Additionally, there was no clear trend in the color changes of GCB with different moisture contents subjected to the same treatment method. However, when there was no soaking before SHP treatment, the color changes were much greater than when there was a soaking step. This suggests that appropriately increasing the moisture content of GCB can prevent or reduce changes in bean color during non-roasting heating processes (which are accompanied by chemical changes). Monica Anese and Deborah Bauer mentioned that during roasting, the color of coffee beans gradually changes from light to dark, with the L* value decreasing and the a* and b* values increasing as roasting progresses. In addition, the ΔE* values of Robusta beans were 9.47 and 9.78 when roasted at 160 °C for 5 min and 215 °C for 10 min, respectively [29,30]. This change is primarily driven by non-enzymatic browning reactions. The Maillard reaction, occurring between reducing sugars (such as glucose) and amino acids, is a key mechanism responsible for the browning of coffee beans during heat treatment. Additionally, caramelization also contributes to color development, especially at higher temperatures [1,30]. The color change observed in the SHP–GCB and MW75P–GCB, although lower than the color change in roasted beans, was significantly greater than the color change of treated GCBs in the HD, FD, MW45P, and MW60P treatments. Since the SHP process involves heating with an open flame outside the chamber of the puffing machine, even though the final goal is not roasting, the GCBs (especially non-soaked GCB treated with SH3P) were slightly roasted due to the high temperature during processing. This could lead to the loss of previously formed volatile compounds during the final roasting (which can be considered a secondary roasting), resulting in an aroma profile of the final coffee that deviates from the expected characteristics [31]. Additionally, the color changes in MW45P–GCB and MW60P–GCB are significantly less than those reported by Dong [32]. In conclusion, observations of color changes indicate that HD, FD, MW45P, and MW60P have relatively minor effects on GCB.

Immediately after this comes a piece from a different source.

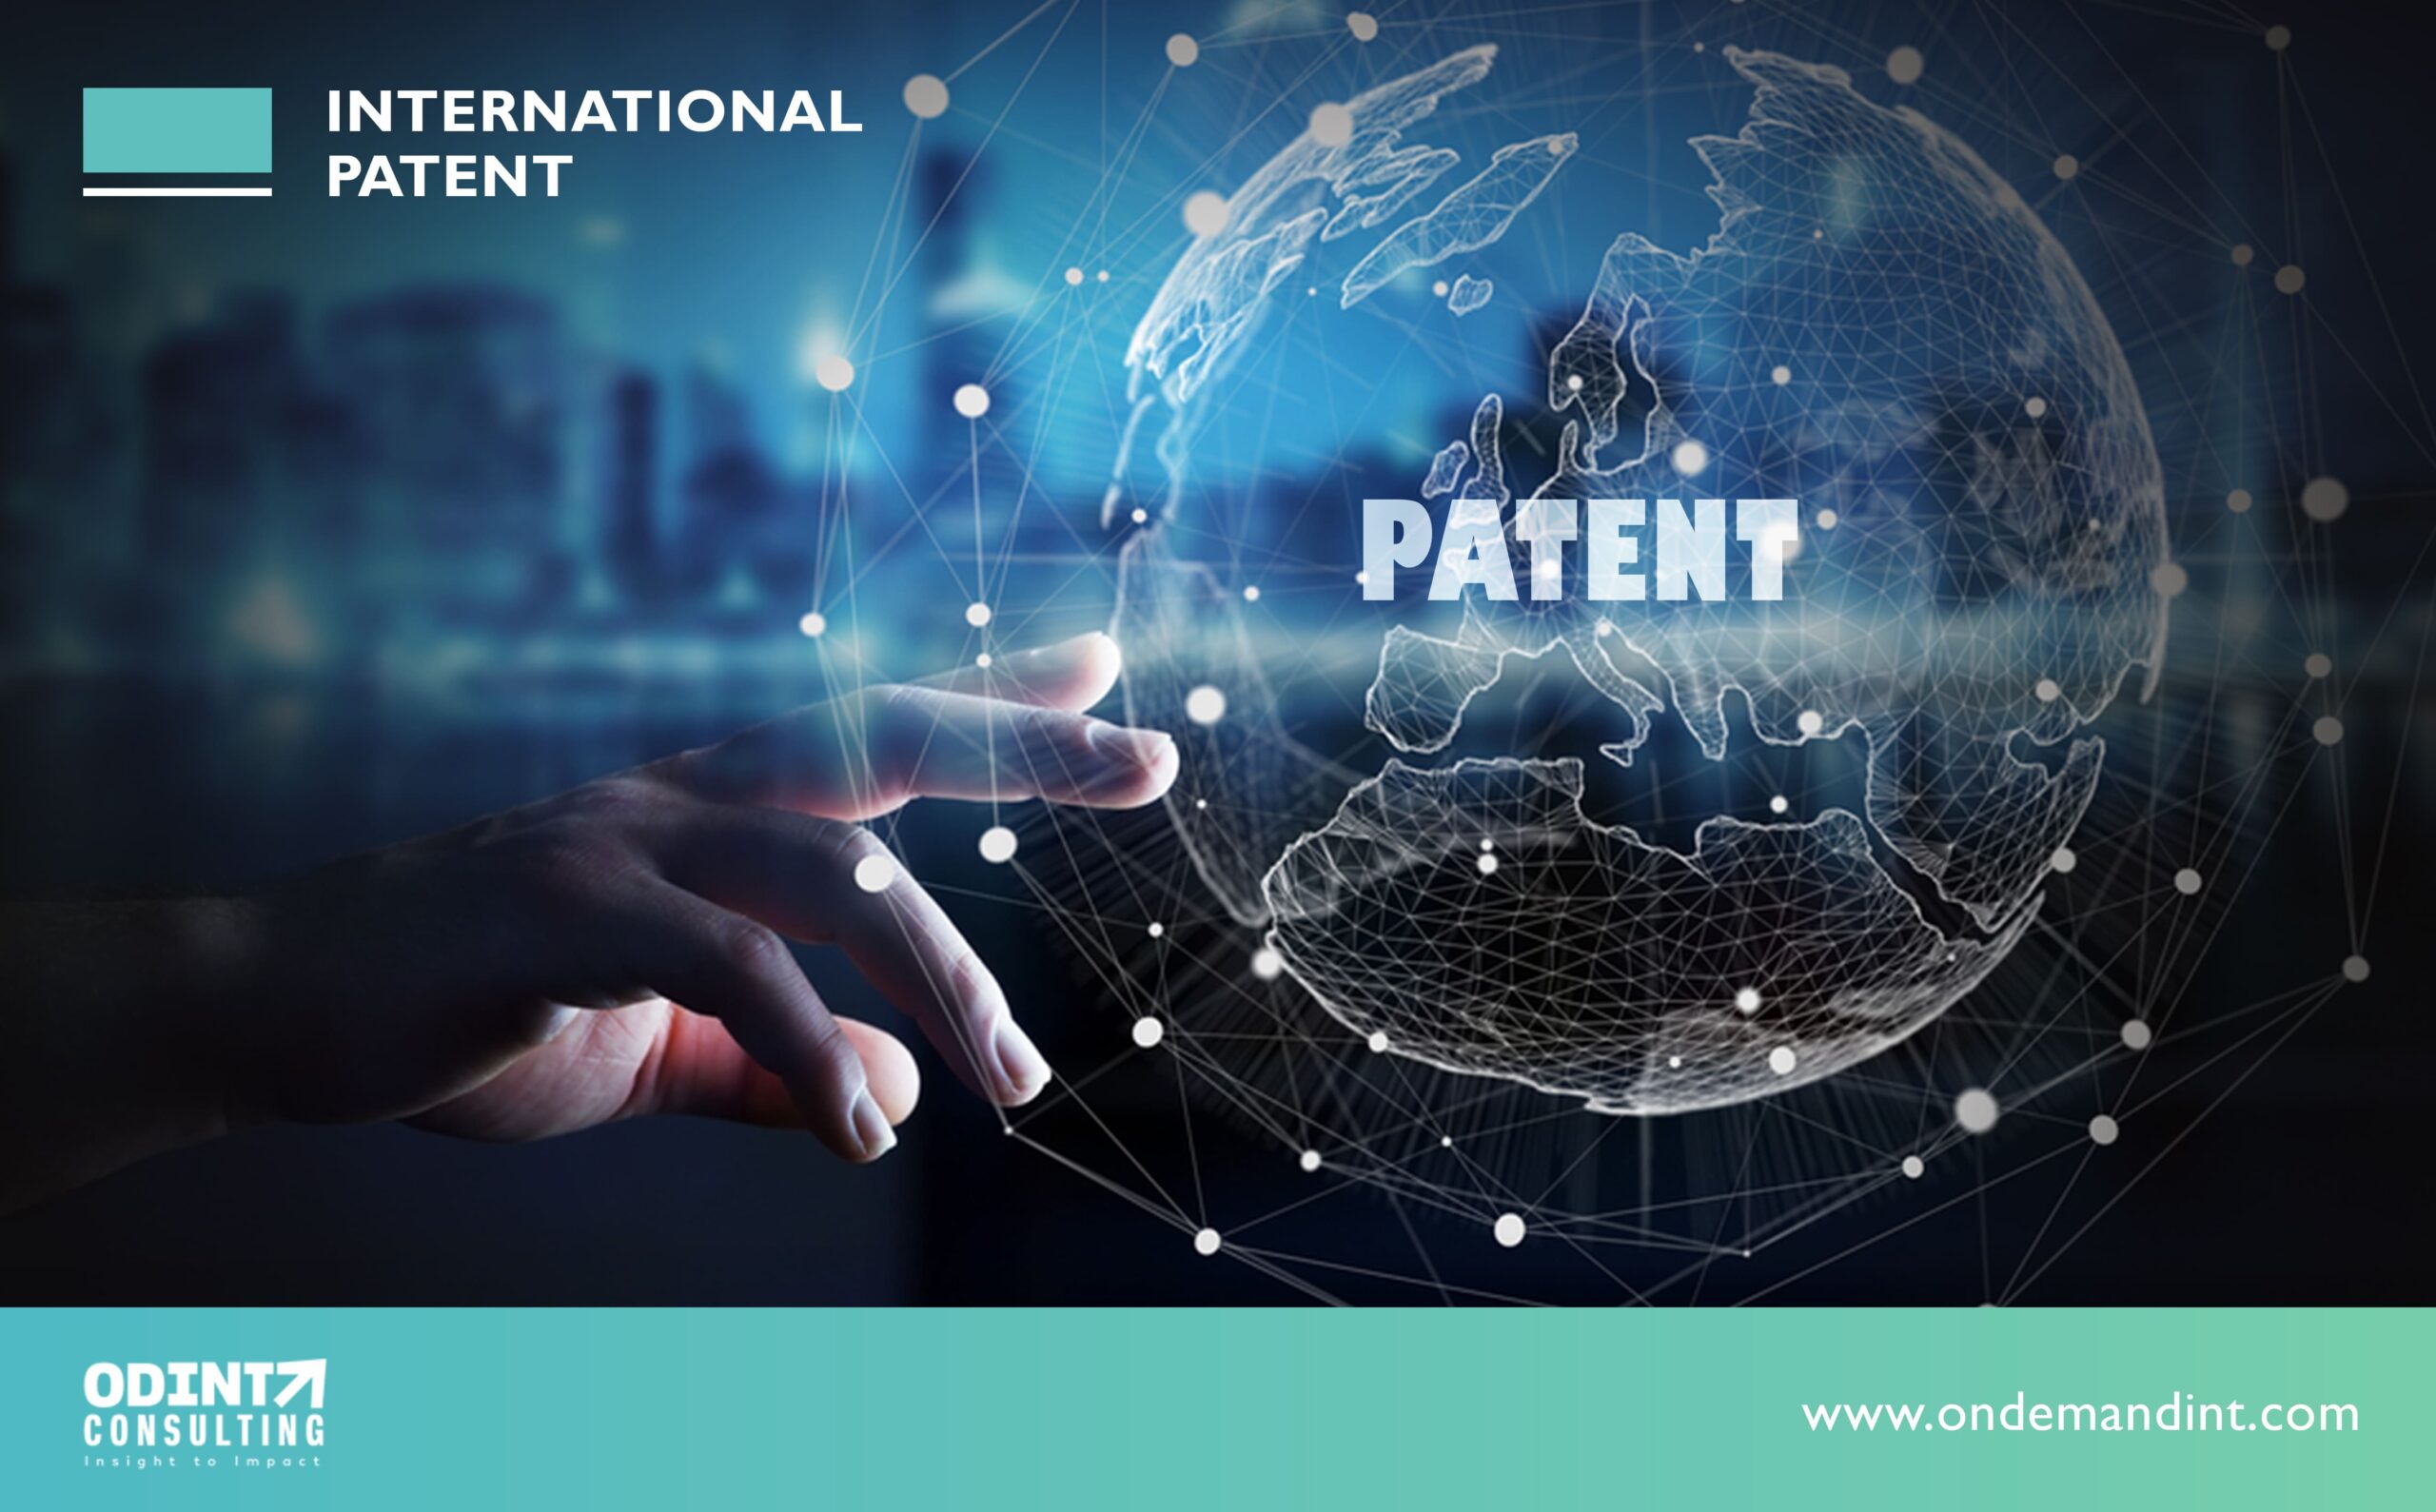 International Patent: Patent Cooperation Treaty & Application Time
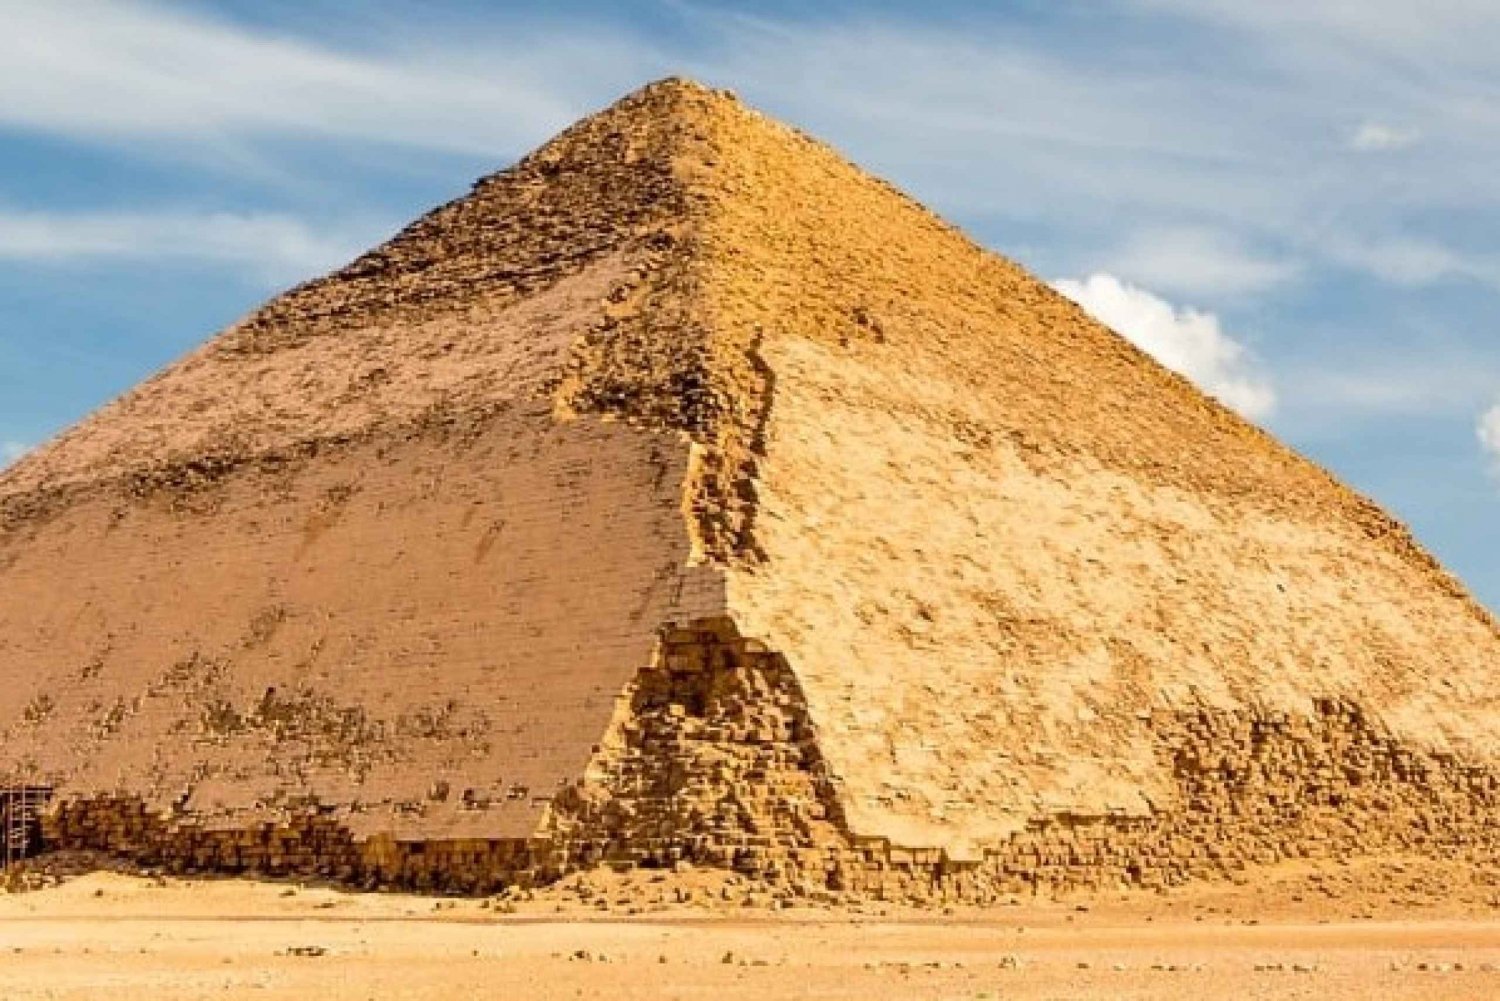 Cairo: Pyramids of Giza, Sphinx, Memphis, Saqqara, Dahshur

3.3. Porosity of Modified GCB

The porosity of a bean refers to the proportion of pore space occupied within the bean. A higher porosity of coffee beans indicates a lower density, which corresponds to a softer texture. In addition, beans with higher porosity usually have better water sorption and retention properties [33,34]. The porosity of the GCB, soaked for 10, 20 min before being treated with different pretreatments, was also measured. However, due to the low moisture content inside, there was no significant change in porosity. This is also the reason why GCB soaked for 10, 20 min was not chosen for modification.
Figure 3 illustrates the porosity of GCB treated by different methods after soaking for different times. The untreated GCB had a porosity of 3.9%. As depicted in Figure 3a–d, it can be observed that under the same pretreatment, the porosity of treated GCB was related to the moisture content. When the moisture content increases, the porosity becomes larger. In addition, different pretreatments also have a significant impact on the porosity of GCB.
It can be observed that HD, FD, SHP, and MWP can all effectively increase the porosity of GCB. The porosity of GCB soaked for 180 min after HD, FD, SHP (1, 2, 3 min), and MWP (45, 60, 75 s) treatments were 16.1, 23.0, 18.2, 21.8, 26.8, 25.1, 32.6, and 32.9%, respectively. The porosity of GCB soaked for 30 min after HD, FD, SHP (1, 2, 3 min), and MWP (45, 60, 75 s) were 8.5, 13.3, 13.5, 15.2, 21.5, 19.1, 21.5, and 23.8%, respectively. This suggested that soaking, drying techniques, and puffing can significantly change the porosity of GCB. The reason for the small change in the porosity of HD–GCB may be that the drying temperature was only 70 °C, so the evaporation of moisture was relatively mild. Although the pressure in the chamber of the puffing machine for SHP and MWP was both 0.8 MPa, the porosity results were significantly different. This indicated that the violent shaking of molecules during the microwave heating process increases the effect of water evaporation, leading to changes in the microstructure of soaked GCB. The porosity of MW45P–GCB soaked for 30, 60, 120, and 180 min was 19.1, 21.3, 23.3, and 25.1%, respectively, which was significantly lower than that of MW60P–GCB soaked for the same times (p < 0.05). And the results of GCB treated by MW60P were better than those of GCB treated with an instantaneous controlled pressure drop process [11]. Therefore, MW60P can be mainly used to treat GCB before roasting, considering that this treatment does not cause significant changes in the color of the GCB and the porosity of GCB treated with MW60P treatment is higher.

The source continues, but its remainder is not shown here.